5G: The “NextGen” of mobile networks
Iam pretty sure you’ll agree with me that it’s time for a burst in innovation - or at least some huge incremental enhancements of what we’ve already got. After all, it seems that everyday technology has kind of stagnated since the past couple of years.
Yes, we’ve read about Internet of Things (IoT) and predictive manufacturing, and other great high tech ideas - perhaps from this column in Daily Trust. But they all seem like “blowing smoke,” with little substance to back them up. Yes, it seems nothing really high tech has come our way since Apple’s September 2014 launch of iPhone 6/ iPhone 6 Plus. And true to that, we the consumers haven’t bought much of the myriads of devices that the high tech companies have thrown at us lately. Will the fifth generation of wireless network - or 5G - impress us? Let’s dig deeper. For a start, last week, the U.S. FCC paved the way for wireless carriers to deploy 5G.
Any frequent reader of this column probably knows how wireless phone calls work! Say you call someone on your phone. Your voice is converted (by your phone) to electrical signals and transmitted using radio waves to the nearest cell tower. The signals are then successively passed through as many cell towers as necessary, and ultimately to the cell tower that is closest to the intended destination of your message. From there, the message is sent to the receiving phone where the electrical signals are converted back to voice, allowing the person at the other end of the line to hear what you are saying. (Data - photos, videos, etc. - are also sent the same way.)
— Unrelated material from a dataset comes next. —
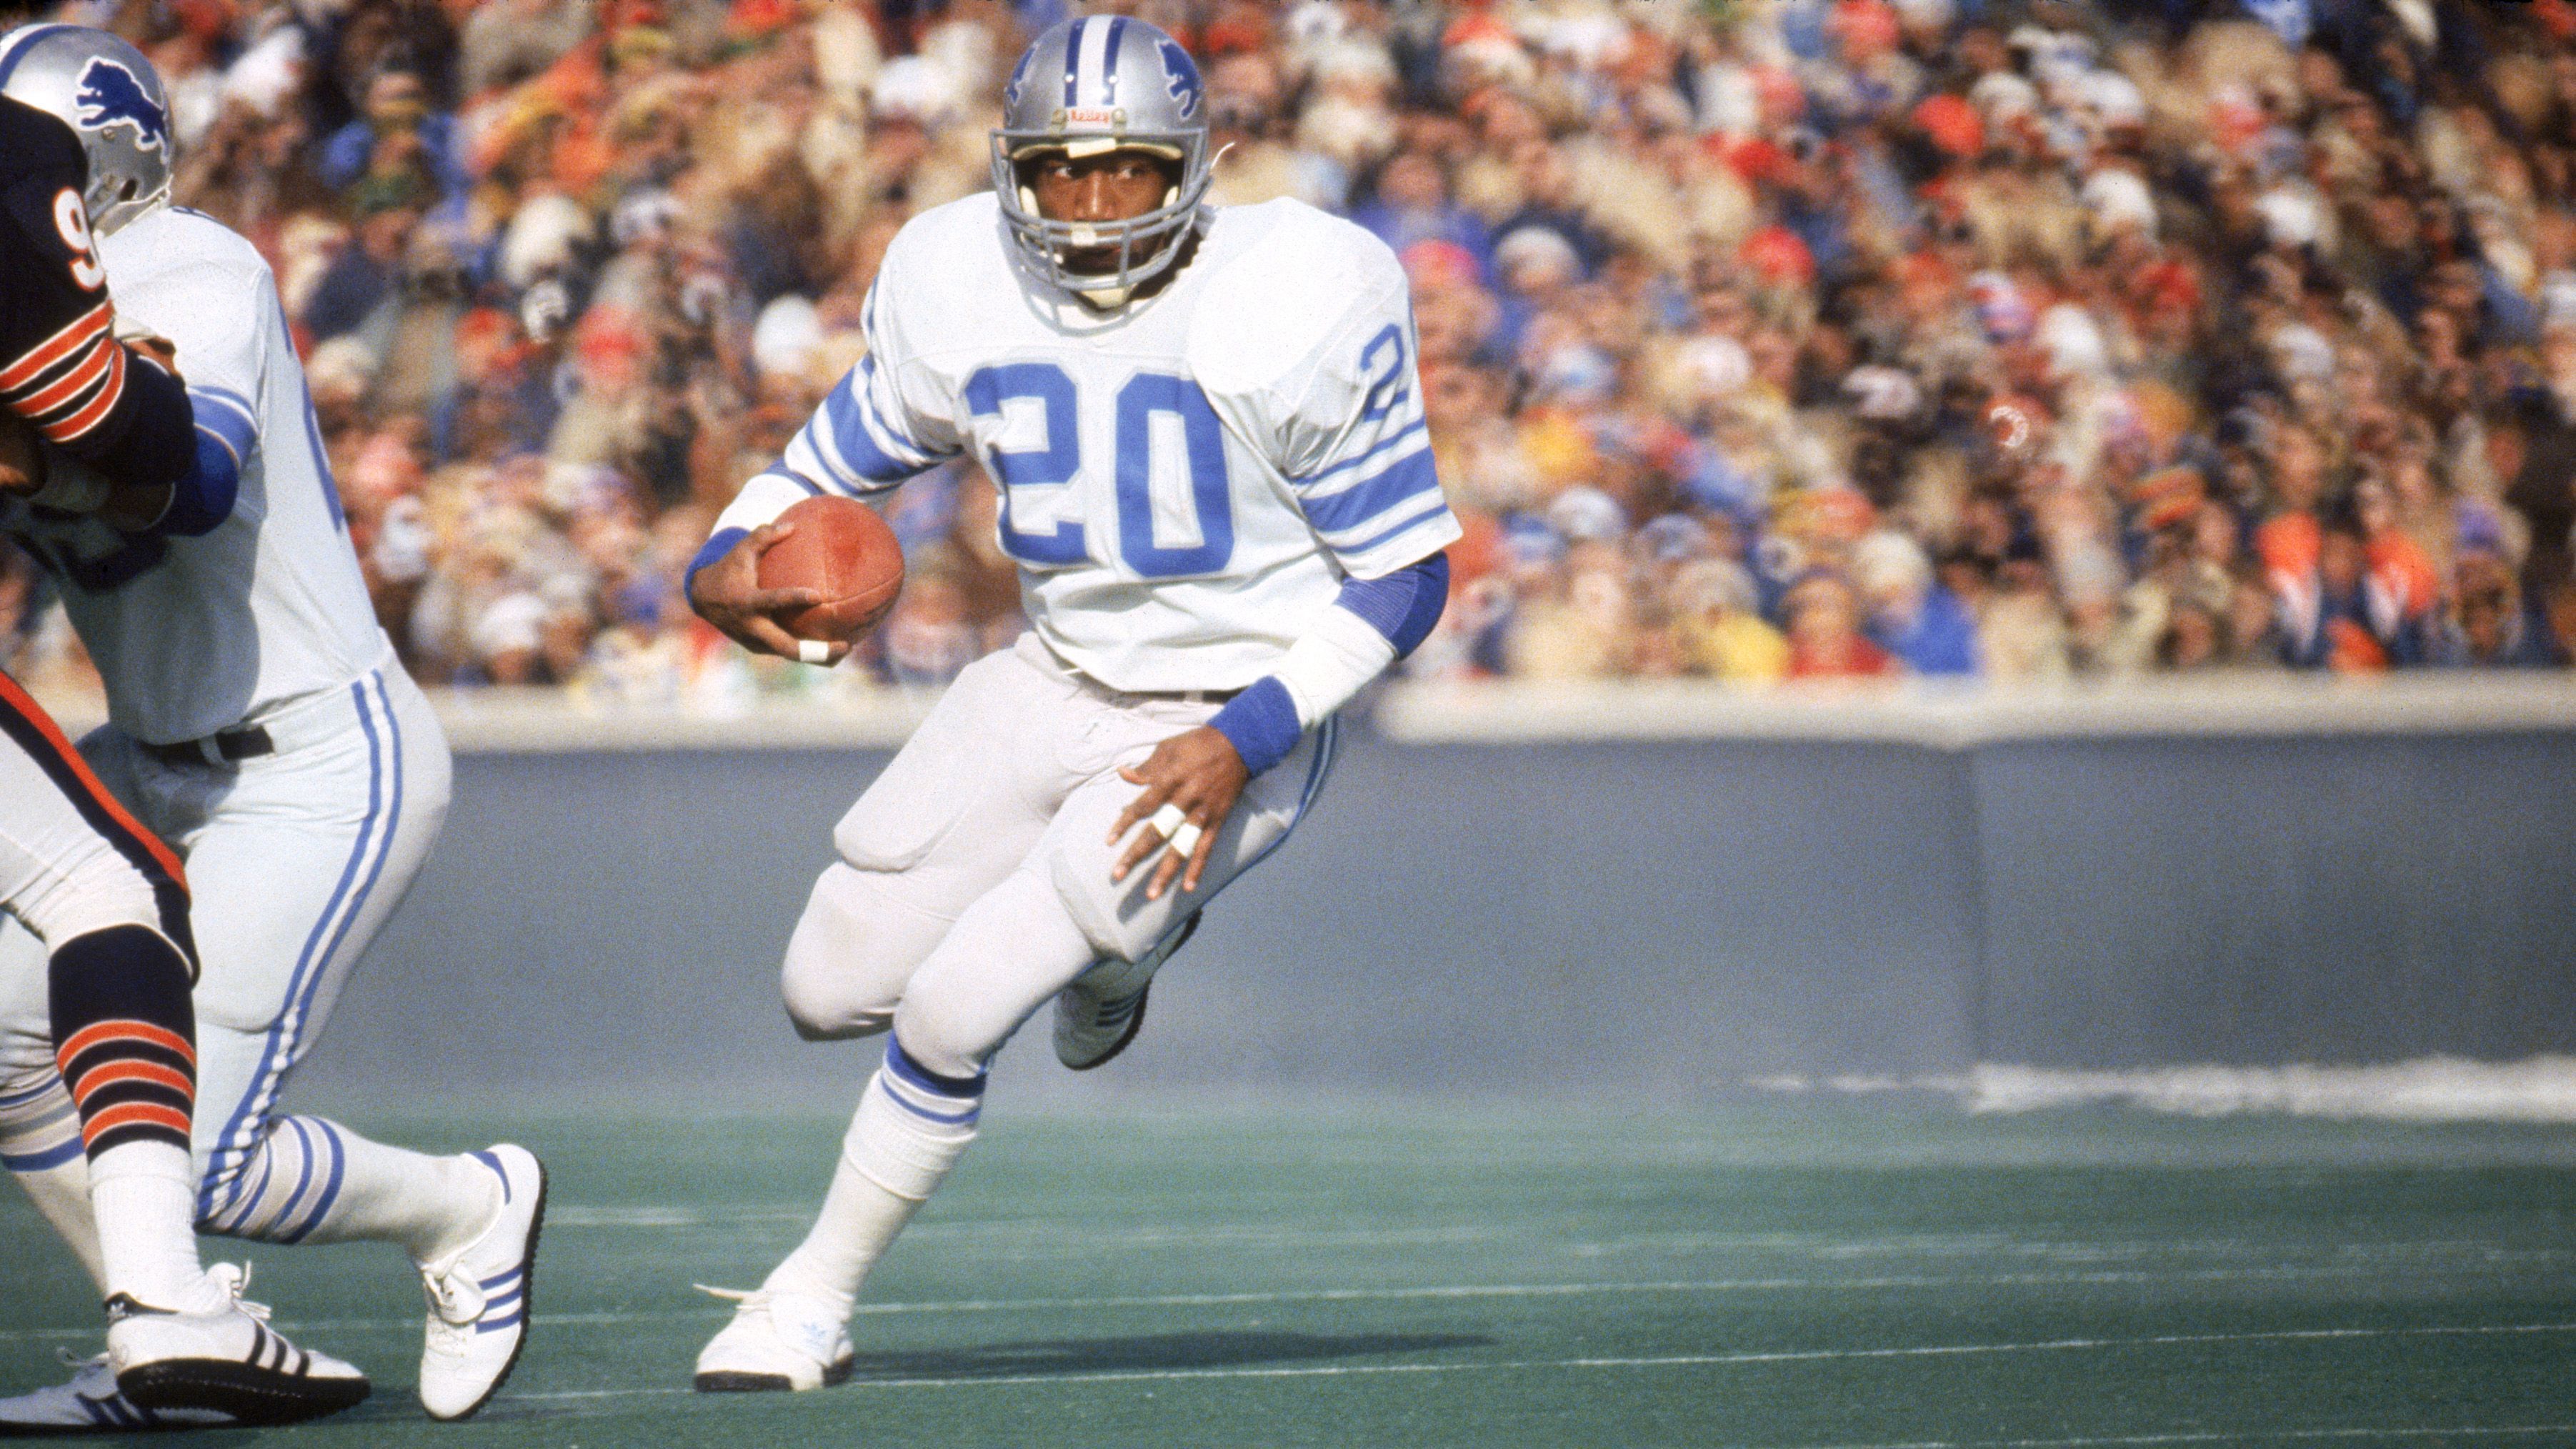 <strong>Billy Sims - 1980</strong><br>Position: Running Back<br>Draft-Team: Detroit Lions<br>Erfolge: Heisman Trophy, 3x Pro Bowl, Offensive Rookie of the Year<br>Karriereende: 1984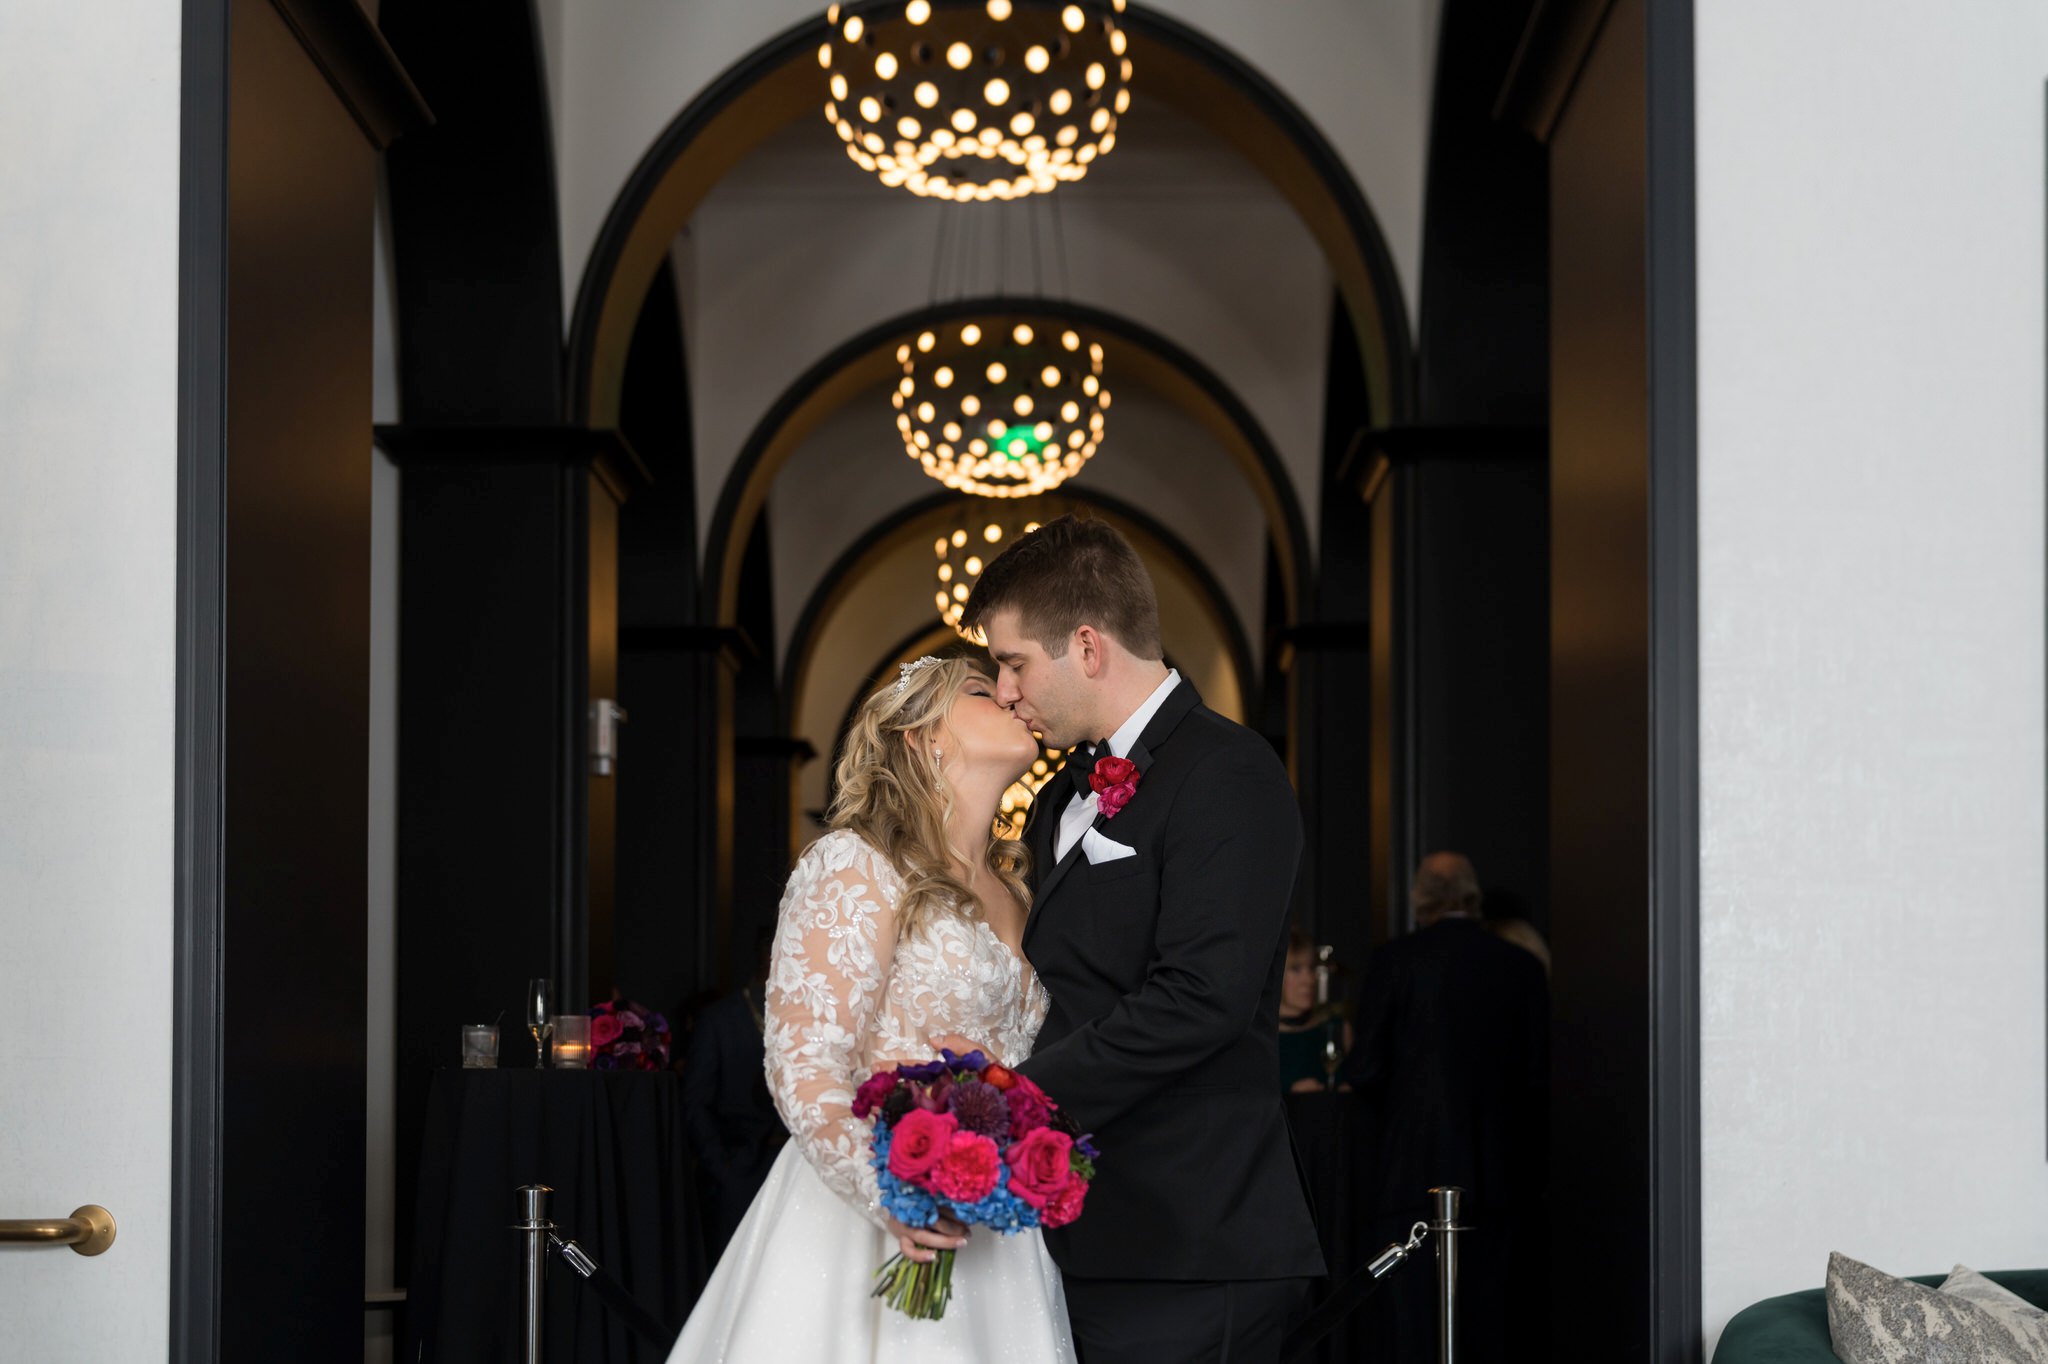 A groom kisses the bride with golden chandeliers behind them at their Daxton Hotel wedding.

Obviously, wireless networks have evolved quite a bit, starting from the very first generation of the technology, 1G. What exactly is 5G? Michael Nunez takes us through the evolution of wireless networks in his 24 February 2016 article in gizmodo.com: “The “G” in 5G stands for “generation.” Wireless phone technology technically started with 1G, and in the early 1990s, and it expanded to 2G when companies first started enabling people to send text messages between two cellular devices.”
He continued: “Eventually the world moved on to 3G, which gave people the ability to make phone calls, send text messages, and browse the Internet. 4G enhanced many of the capabilities that were made possible with the third generation of wireless. People could browse the web, send text messages, and make phone calls-and they could even download and upload large video files without any issues. Then companies added LTE, short for “long term evolution,” to 4G connectivity. LTE became the fastest and most consistent variety of 4G, compared to competing technologies like WiMax. The difference between WiMax and LTE is similar to the difference between Blu-Ray and HD DVDs: Both technologies achieved similar outcomes, but it was important to create a standard for everyone to use. LTE did just that, and it made 4G technology even faster. 5G will build on the foundation created by 4G LTE.”
5G is synonymous with phenomenal speeds of Internet access: perhaps 10 - some even say 100 - times the speed of 4G LTE. These speeds are comparable to those associated with fiber optics, giving response times that are less than one-thousandth of a second, which enables real-time communication.
Beyond just having faster Internet access, the need for 5G is exacerbated by today’s reality that it is no longer just your phone and computer that need a mobile Internet connection. With Internet of Things (IOT), virtually any object you can touch - cars, door locks, home appliances, security cameras, wearables, dog collars - is a candidate for connection to the web. With an estimated 20 billion devices that will be connected to the Internet by 2020 - all of which are asking for lightning-fast connection, we surely need all the Internet speed that we can muster.
As eager as you might be, don’t start shopping for a new phone (with 5G capability) just yet, for there are still challenges and many technical and legal kinks to be worked out. This is in spite of the fact that a few American companies have promised to start rolling out experimental 5G services next year. The earliest the 5G technology can be commercially available will probably be 2020. The challenges include the modes of giving out the mixture of spectrum associated with 5G, and dealing with the fact that higher frequency signals don’t travel as far as lower frequencies - suggesting the need to find ways of boosting signals anywhere 5G is offered. We also have to deal with the backhaul connections, among other issues. (Backhaul refers to the links between cell sites, controllers, and mobile switches. Generally, the traffic arriving at a cell site is backhauled to a central location, which is the operator’s mobile switch. The backhaul network uses the following techniques, depending on the traffic: coper cabling, microwaves (radio waves), or fiber optics. I am sure you are reminded of “last mile” here.)